[What is required]
Omit any picture, and return the remaining data exactly as written.

[Input data]
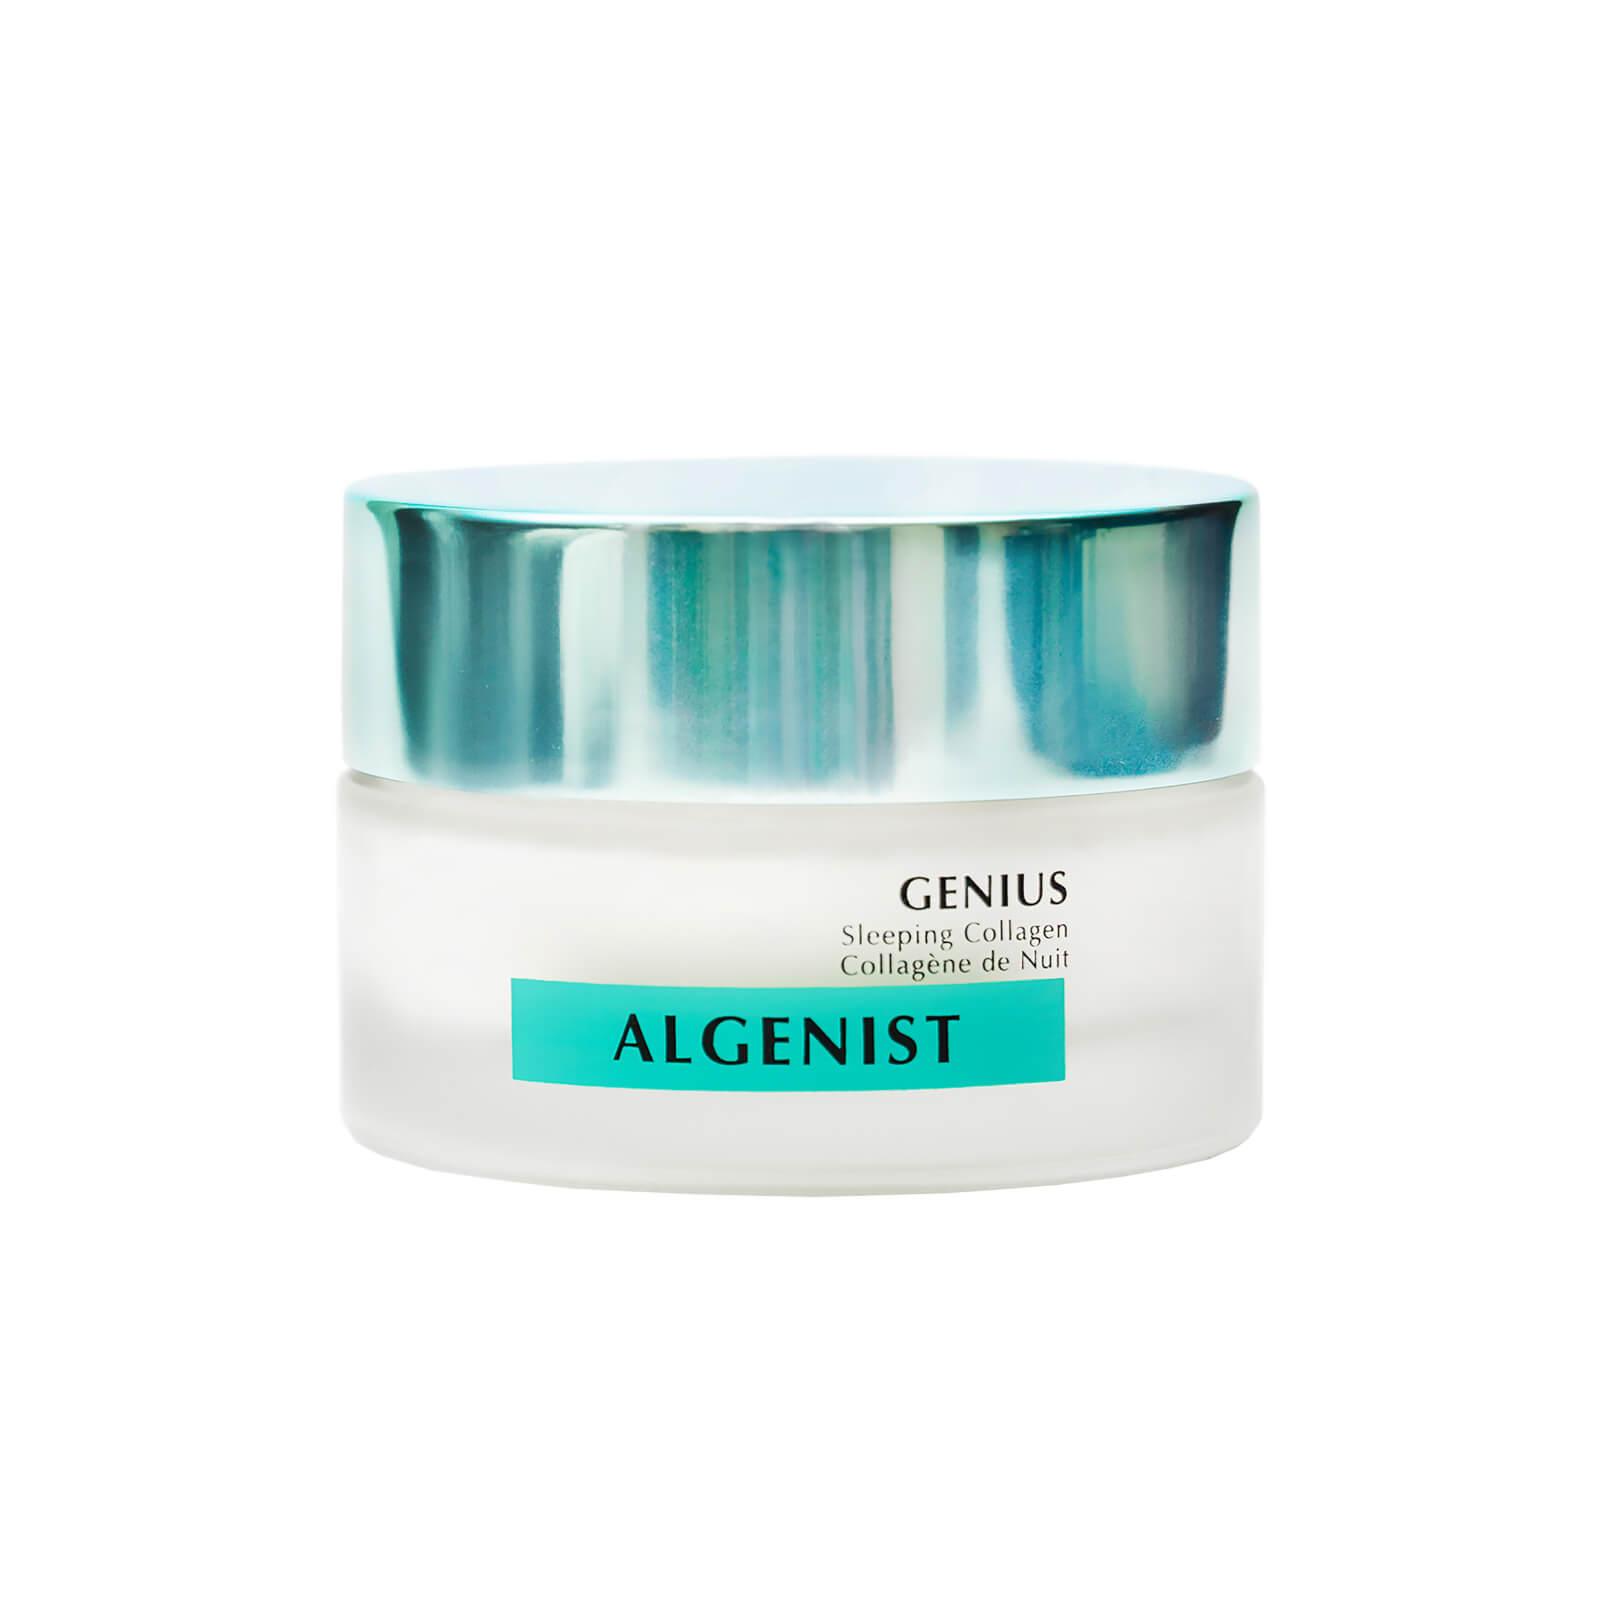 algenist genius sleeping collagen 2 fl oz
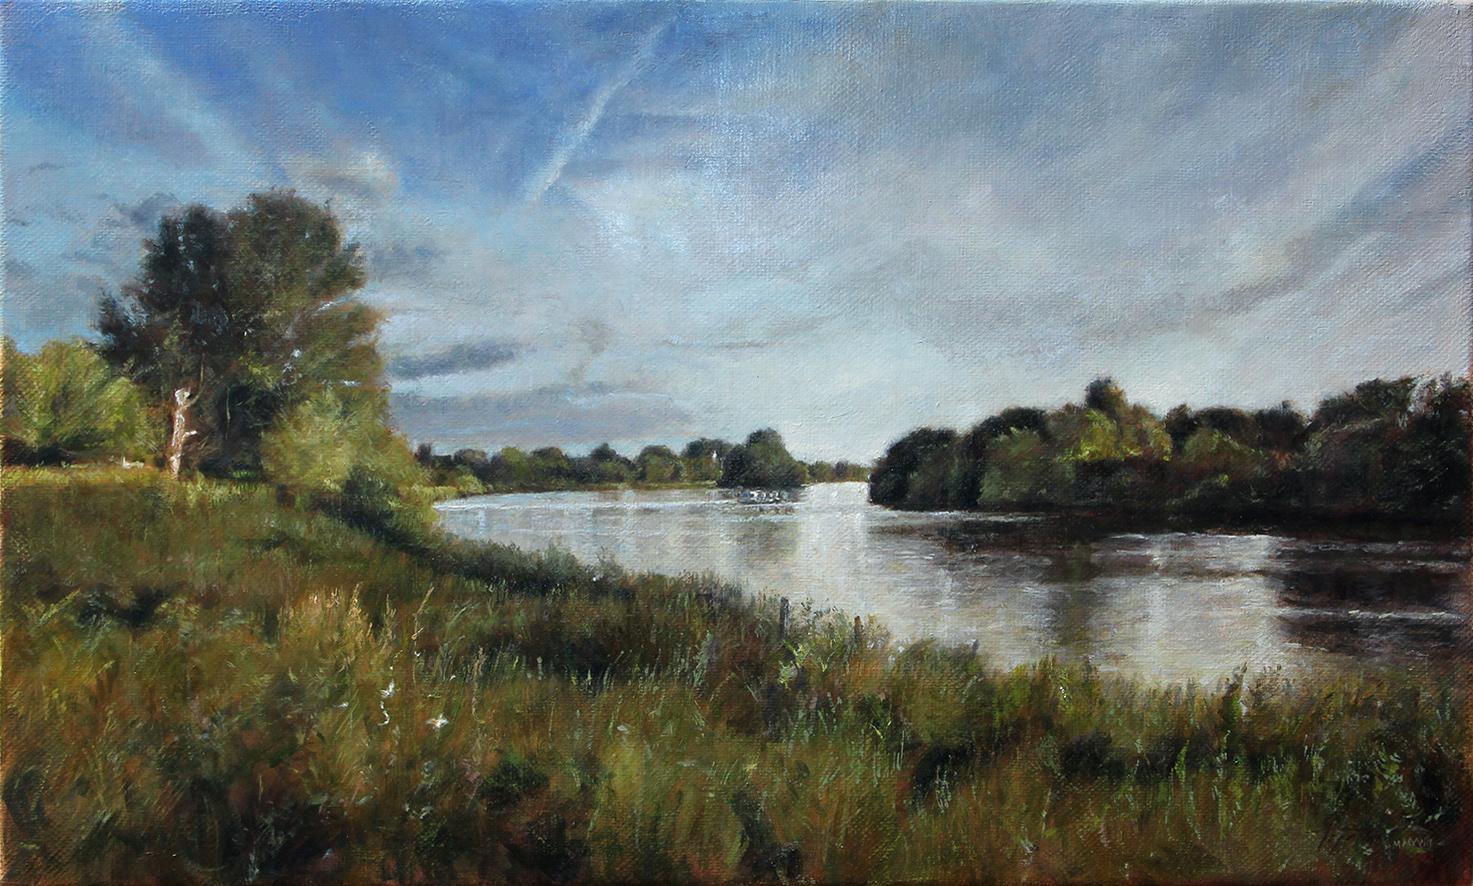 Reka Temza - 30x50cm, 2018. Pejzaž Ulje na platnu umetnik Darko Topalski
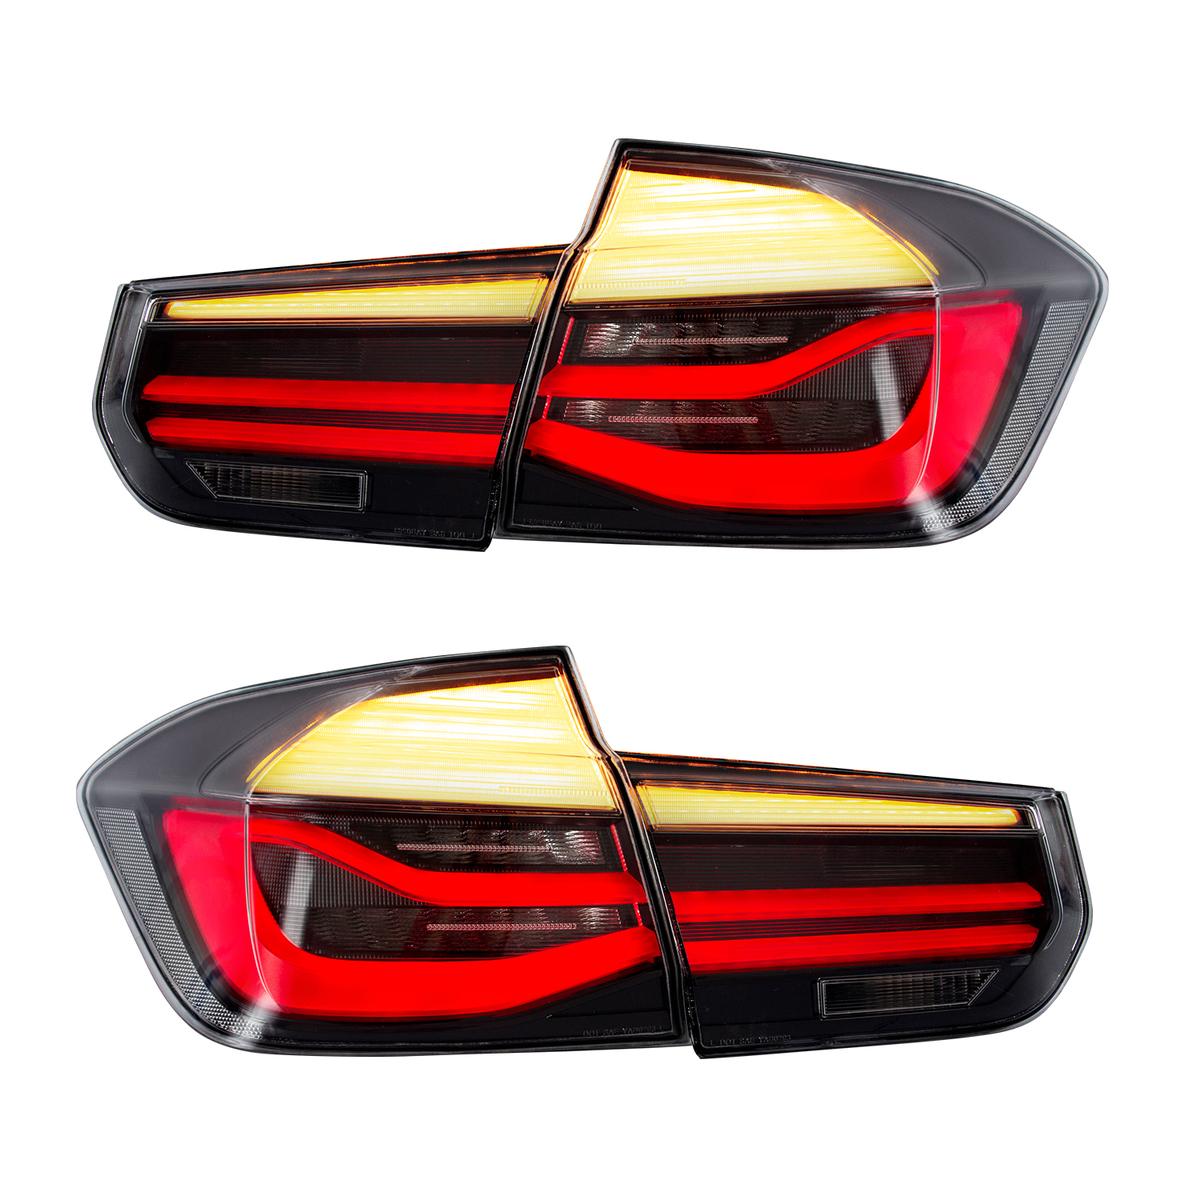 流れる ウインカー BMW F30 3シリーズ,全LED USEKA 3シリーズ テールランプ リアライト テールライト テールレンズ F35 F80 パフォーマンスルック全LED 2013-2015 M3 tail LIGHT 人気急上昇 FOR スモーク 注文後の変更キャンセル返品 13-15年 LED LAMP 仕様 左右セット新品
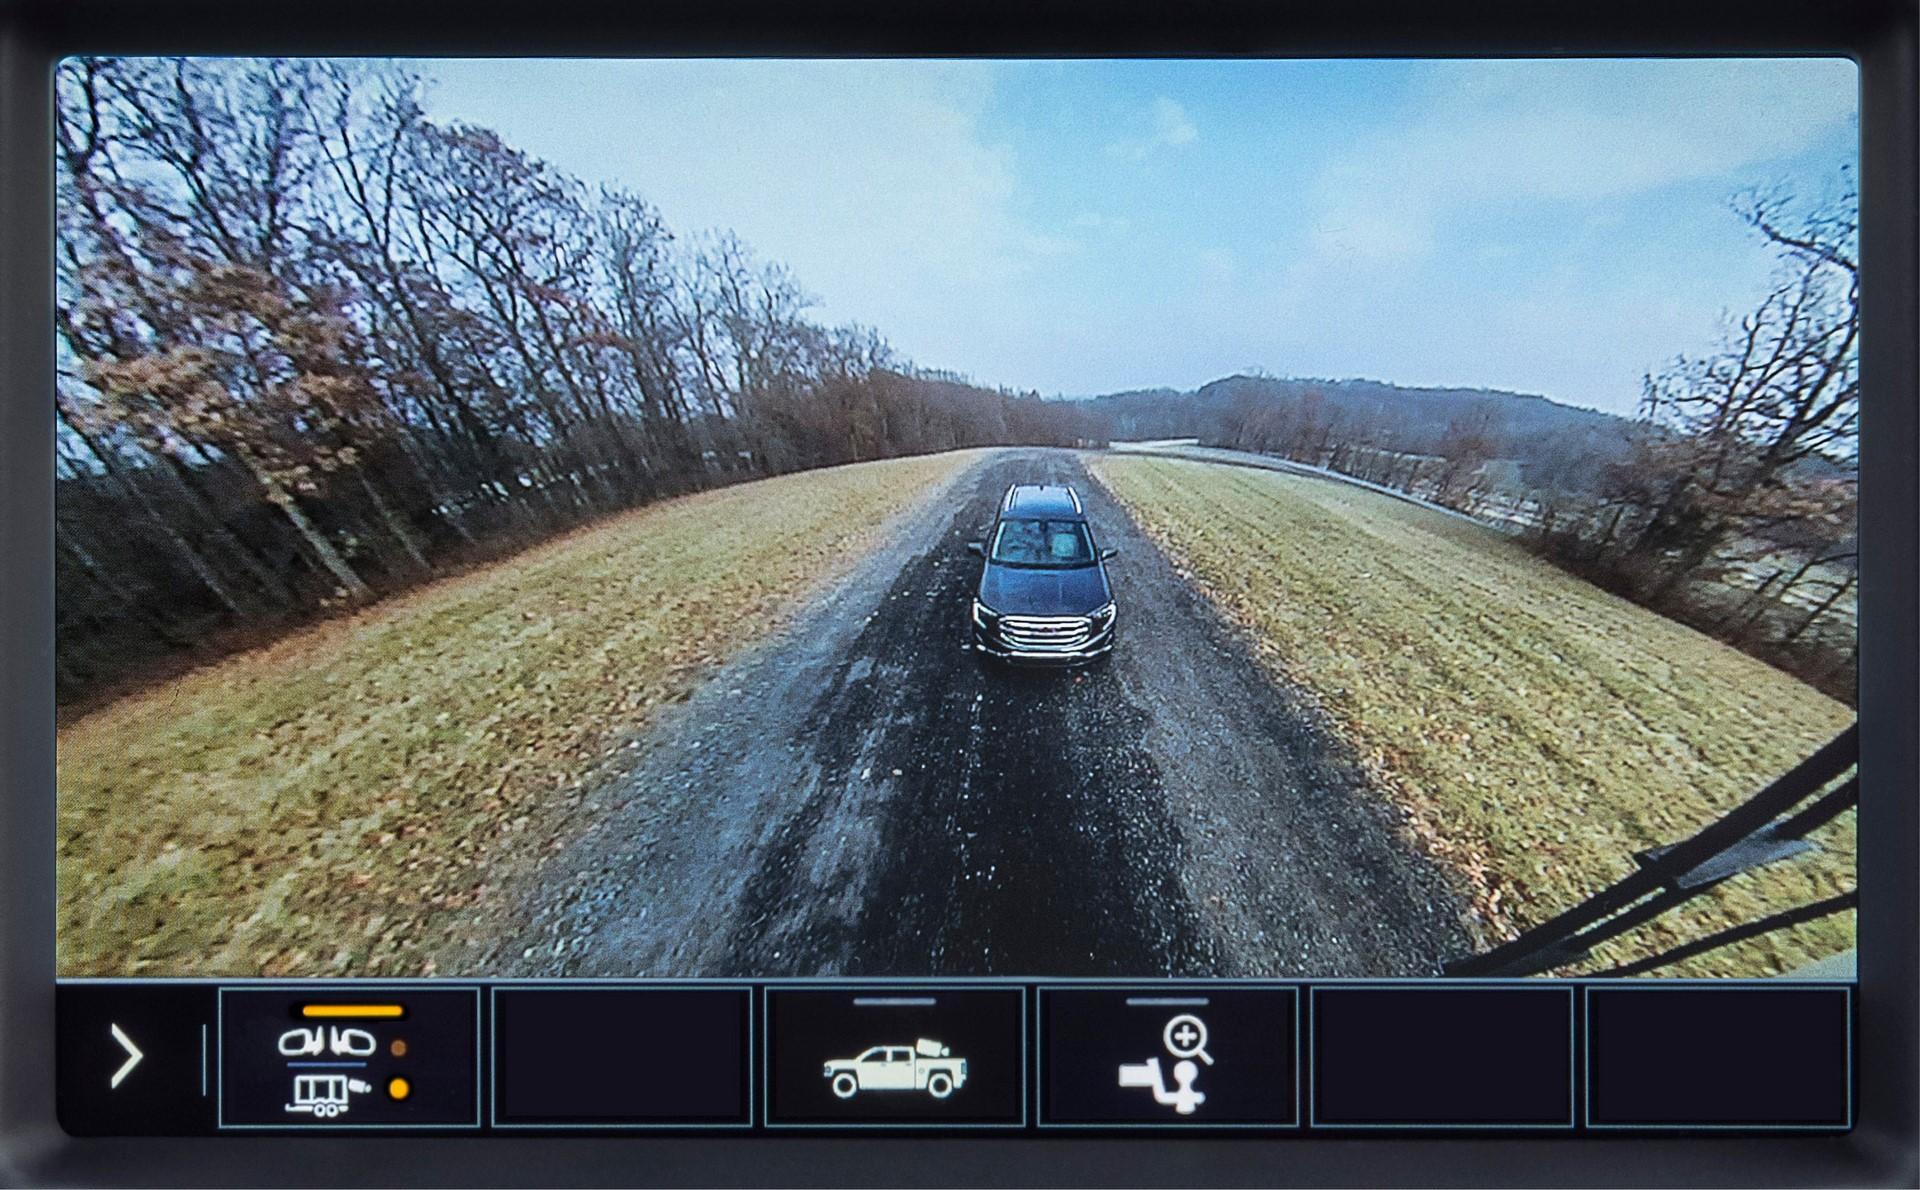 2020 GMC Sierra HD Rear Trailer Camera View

[Answer for this exercise]
 algenist genius sleeping collagen 2 fl oz
 Reka Temza - 30x50cm, 2018. Pejzaž Ulje na platnu umetnik Darko Topalski
 流れる ウインカー BMW F30 3シリーズ,全LED USEKA 3シリーズ テールランプ リアライト テールライト テールレンズ F35 F80 パフォーマンスルック全LED 2013-2015 M3 tail LIGHT 人気急上昇 FOR スモーク 注文後の変更キャンセル返品 13-15年 LED LAMP 仕様 左右セット新品
 2020 GMC Sierra HD Rear Trailer Camera View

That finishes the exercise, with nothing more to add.